There are too many spaces in the references, so they need to be corrected.

The revised parts in the manuscript are for reference only.

Comments for author File: Comments.pdf

Author Response

Comment 1: "the Asian Medicinal Leech" should be placed before "Hirudinaria manillensis" in the title of the manuscript.

Answer: We have changed the title of the manuscript according to the request of the reviewer.

Comment 2: The introduction section is quite lengthy, so it needs to be condensed.

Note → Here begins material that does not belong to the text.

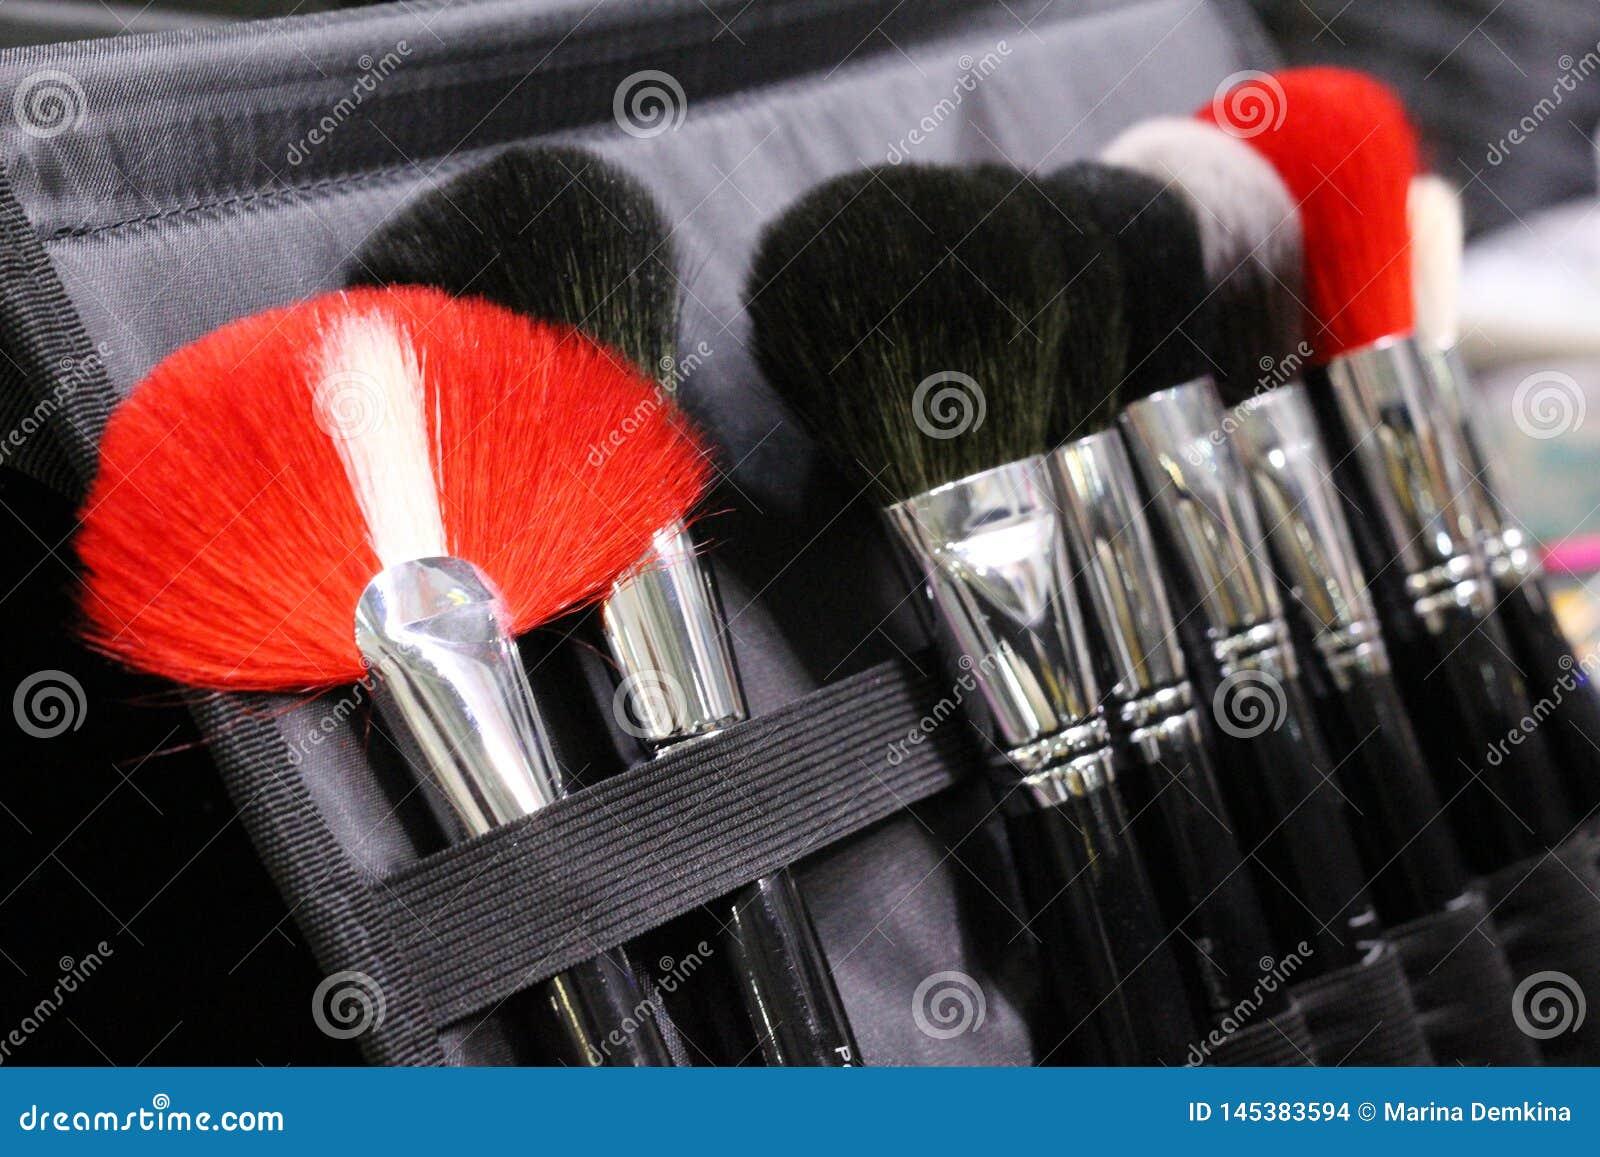 Ein Satz Make-upbürsten in einem Fall Bürstet Schwarzes, Rotes und weißes

Answer: We agree that the introduction is quite extensive, however, is was written with the intention to provide the relevant information to a (hopefully) broad audience with very different background knowledge. The manuscript addresses topics that might be of interest for readers that are more familiar with leech biology (chapters 2.1 and 2.3), but also for readers that are "hardcore" molecular biologists and may hence focus their attention on the alternative splicing model (chapter 2.2). Both putative groups of readers should be comprehensively informed. In addition, none of the two other reviewers complained about length and content of the introduction section, and we hence prefer to not shorten the text. We hope that the reviewer can follow our arguments.

Comment 3: In line 387-389, the primers were designed based on "the respective genomic sequences". Please provide more specific parameters regarding the primer design (such as Tm value, expected product length), as well as details to ensure primer specificity to avoid non-specific amplification.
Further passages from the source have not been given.